Seeing that infuriates me, and sometimes I just have to look away. But I know where, in my house and around my block, I can go to be soothed. My house is a two-story split-level, near a few one-story homes and a wide avenue named Broad Street. One thing that’s never changed is the view from the bathroom window. I look out that window, especially after pulling an all-nighter, and I watch the sunrise and feel the humidity. I can see the classic blue-and-white street name letter tiles down the block. My neighbor’s misbelief tree. And I can hear familiar sounds: the groan of wrought-iron gates, mail dropping in the chute, creaky floorboards, a swinging wooden door that’s swelled in the rain. It’s the same view I’ve seen my entire life, and knowing it’s always there makes me feel grounded and secure.

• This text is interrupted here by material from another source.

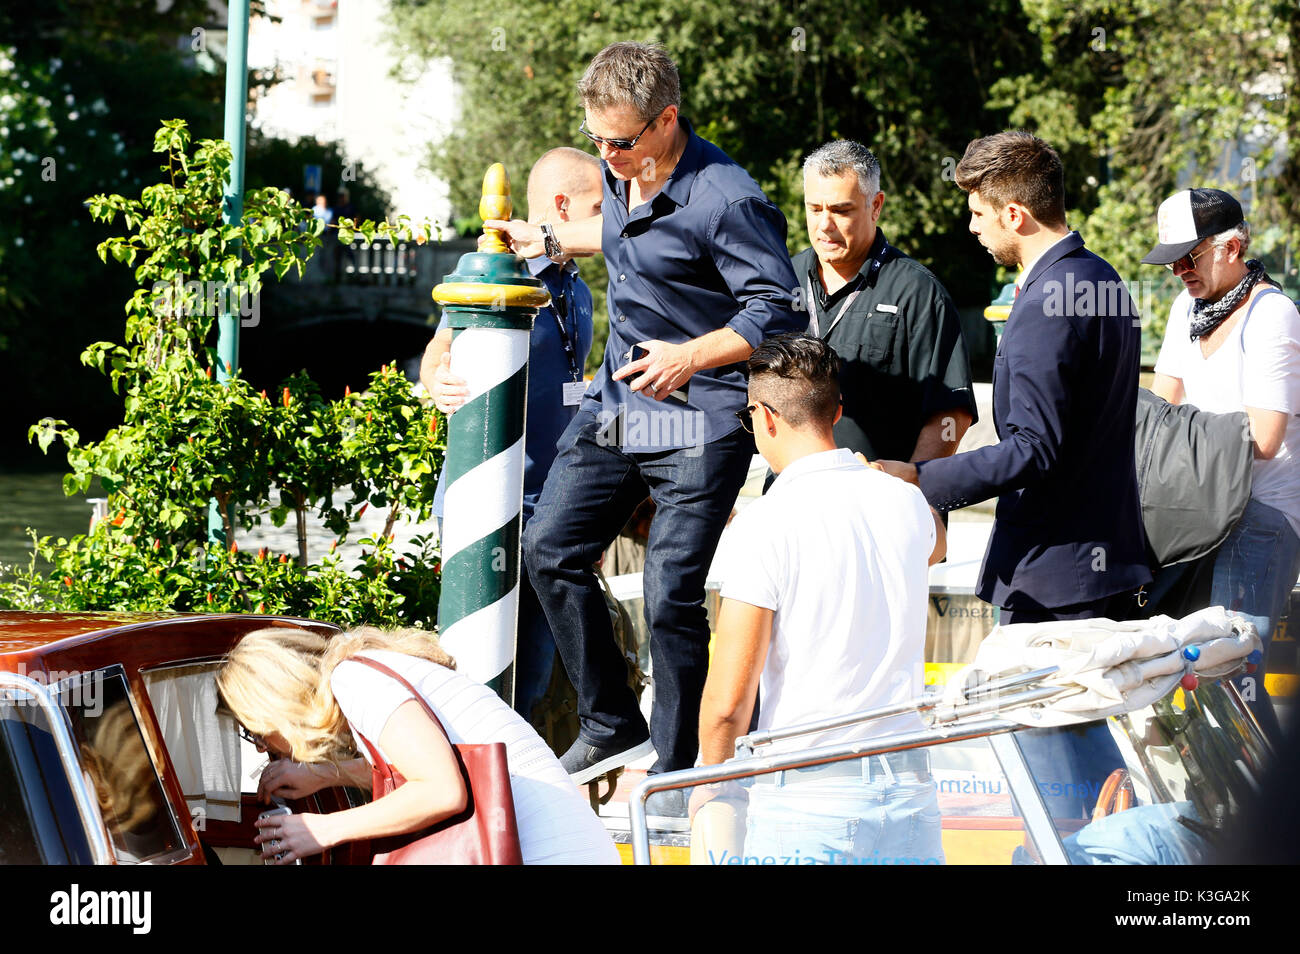 Matt Damon è visto lasciare l'hotel excelsior dopo concedere interviste durante la 74a Mostra del Cinema di Venezia il 01 settembre 2017 a Venezia, Italia Foto Stock

Others find comfort in my home, too. There was always a friend of my mom’s or grandparents’ coming to “make a pass by” our house when I was a kid. Sometimes we’d get knocks on the door from people they hadn’t seen in years, and we would always welcome them. These days, —even before the COVID-19 pandemic—it’s more honks and waves than anything. But on the rare occasion friends drop by, they also find comfort. Friends I grew up playing with in this house feel that the most.
When I take a moment, I can remember almost everything my friends and I did here. Making radio shows with Allen; cooking spaghetti with Barry; skating around the block with Bryan. I also remember the wacky things I somehow convinced my friends to do with me. Cherie and I using toilet paper to wrap ourselves like mummies; Jennifer and I sliding down the stairs after spraying them with PAM cooking spray and tying blankets to our butts.

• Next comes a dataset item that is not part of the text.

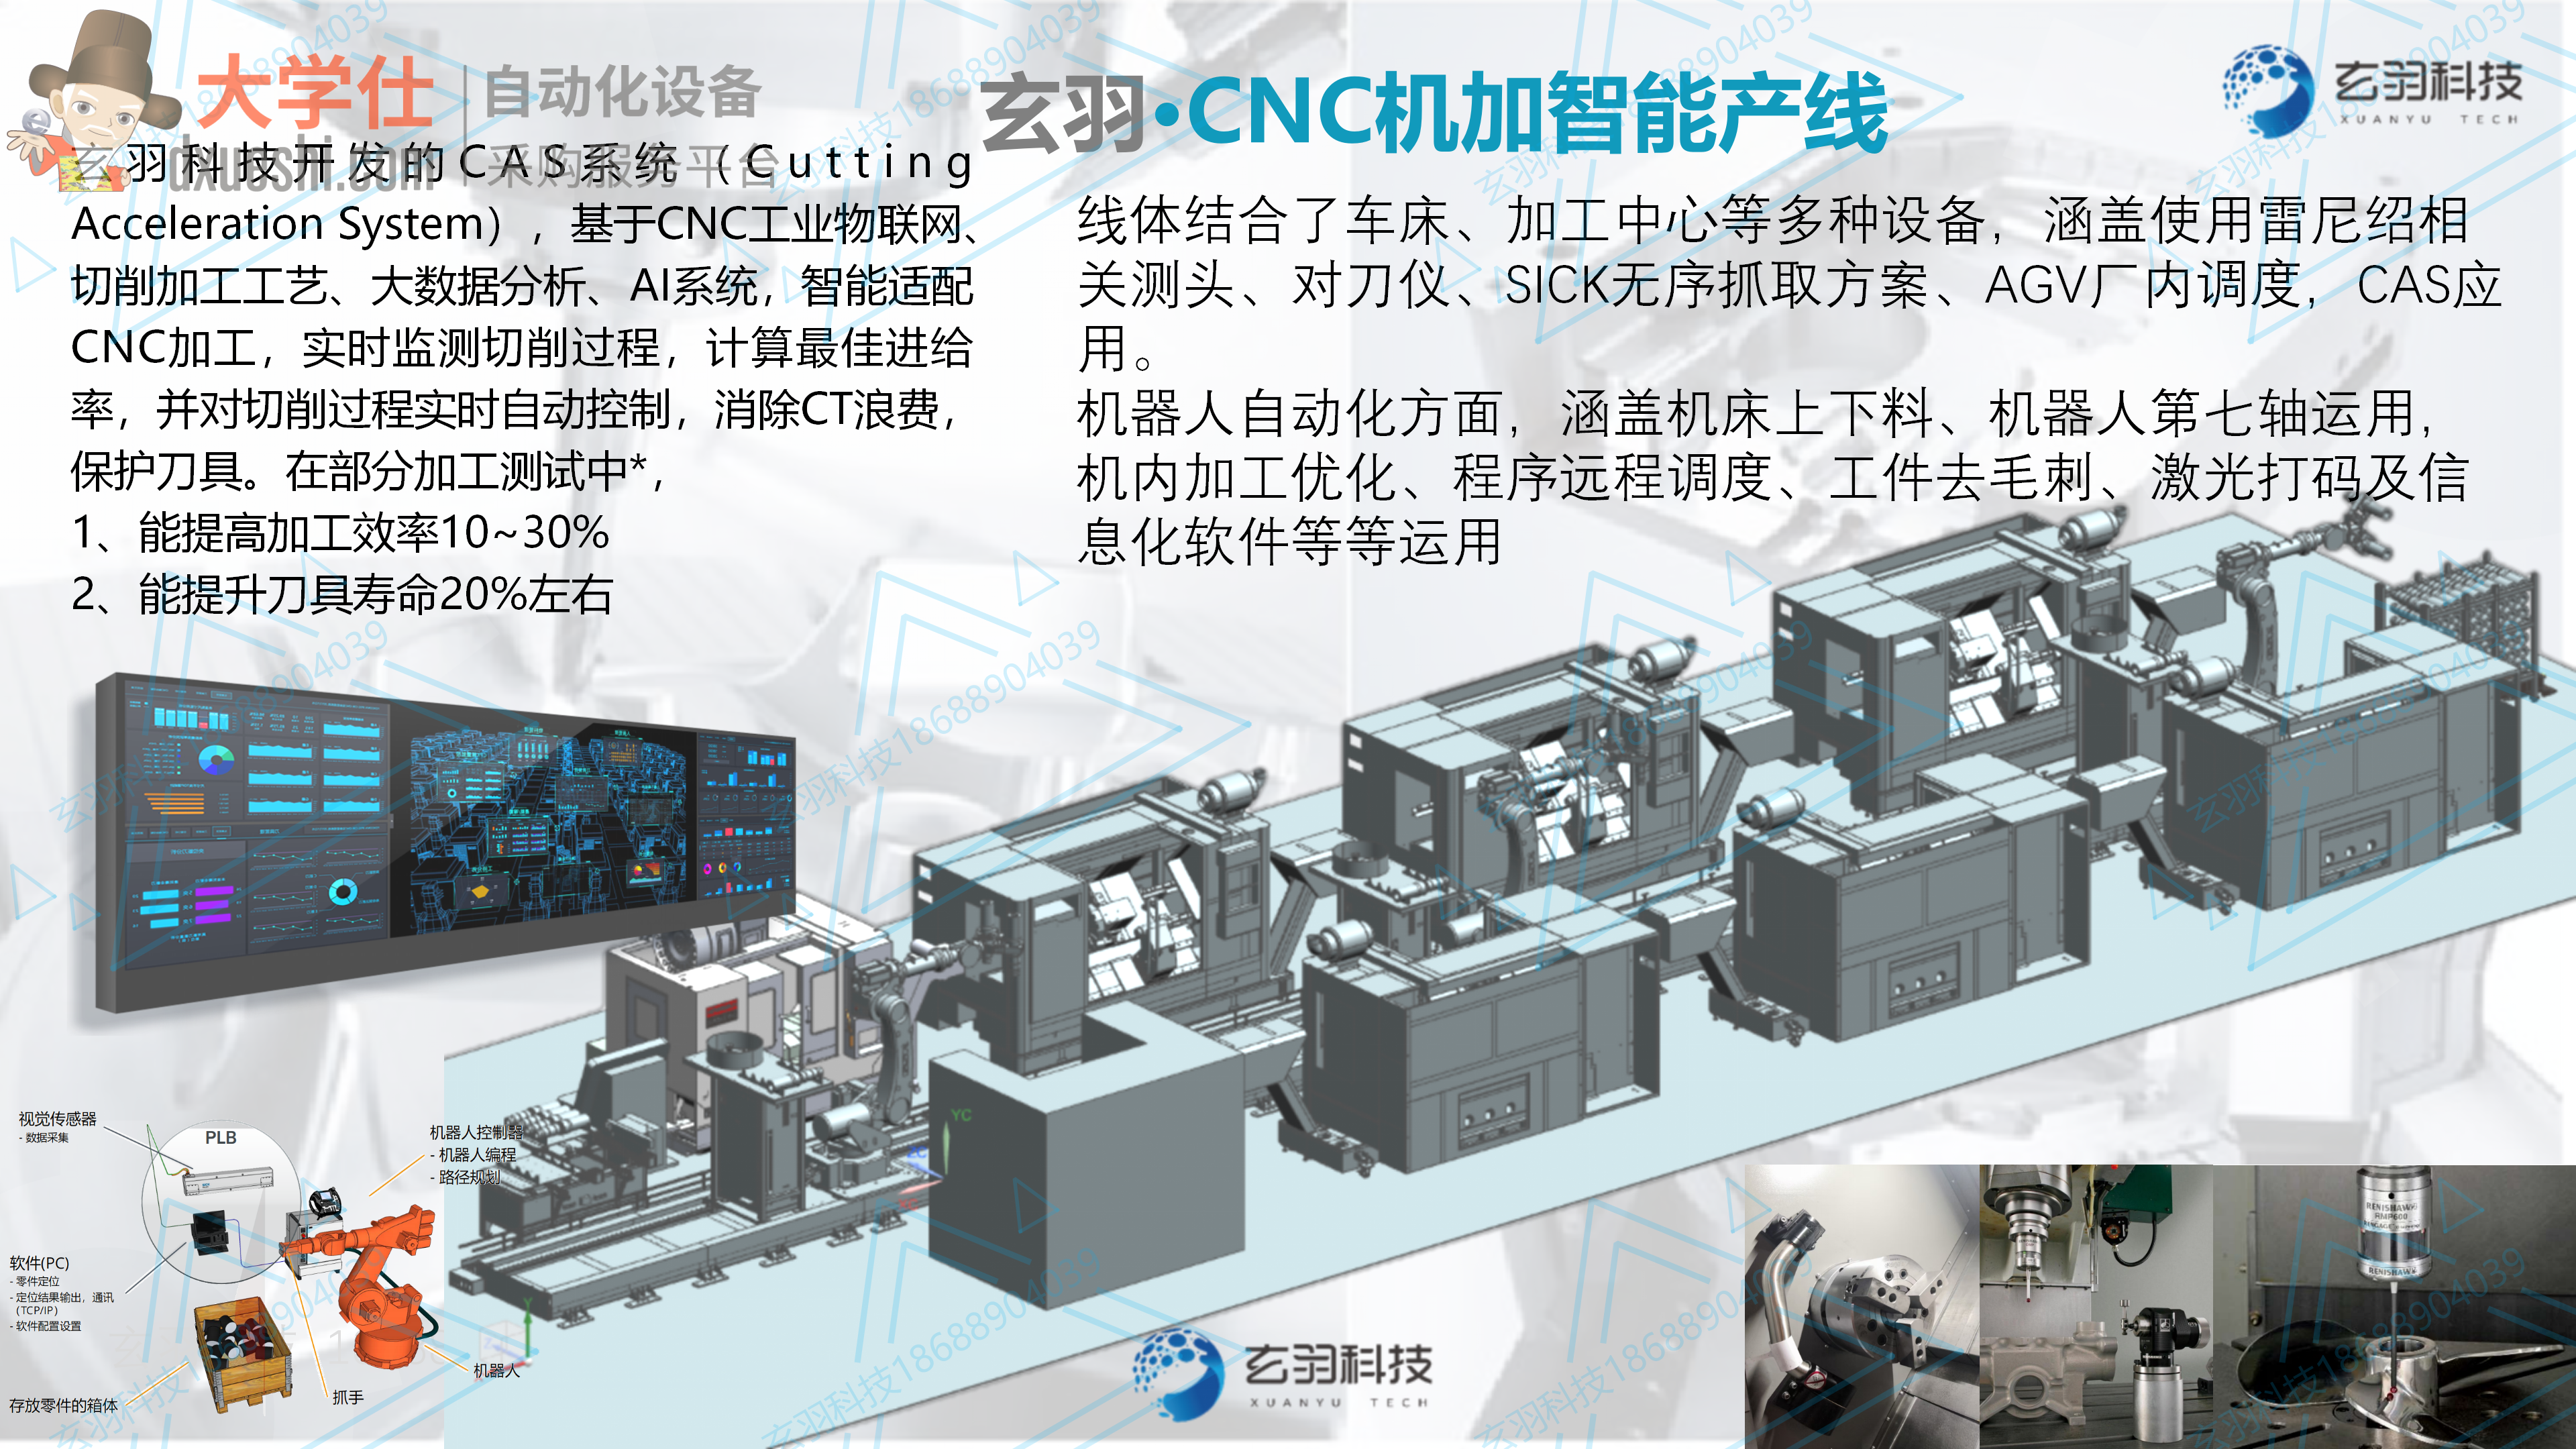 玄羽CNC智能加工产线 视觉无序抓取 机内加工优化

I didn’t always have an accomplice, though. The scorched and melted spot on the linoleum, the crayons and blocks still currently stuck in the gossip stand, the K&B chocolate ice cream that melted into the TV and led to me dropping and breaking my saxophone? All me. Being in the same house I grew up in from birth means my childhood is never too far from my memory, which helps me as far as parenting my own child goes.
My son Franklin and I are 29 years apart. Yet, he’s still doing the same things I used to do here when I was 6. He always asks to get his “favorite Old McDonald’s meal,” wants us to walk to Walgreen’s for ice cream and candy, enjoys being sprayed with the “hose pipe.” The people who knew and looked out for me back then, like Danny and Mike from “the red store,” D&M Discount Supermarket—they do the same for him.
Still, I’m sad there are some experiences he’ll miss out on. He’ll never experience Tell’s Hardware, Al Scramuzza’s Seafood City, a hucklebuck lady. Sometimes I get a bad case of the “ain’t dere no mo,” especially when I remember sentimental items I lost in Hurricane Katrina, and it makes me think maybe I should just move on. This place will never be the same.
But the 7th Ward I grew up in wasn’t my mom’s either. Nor was it my grandparents’, great-, great-great, or great-great-great grandparents’. I found my own joy here in this house, and over the years, I’ve weaved a lifetime of joy into a big, comforting quilt. When my son inherits this house, I pray his kids will find their own joy here, too, and that he turns his old joy into his own version of comfort.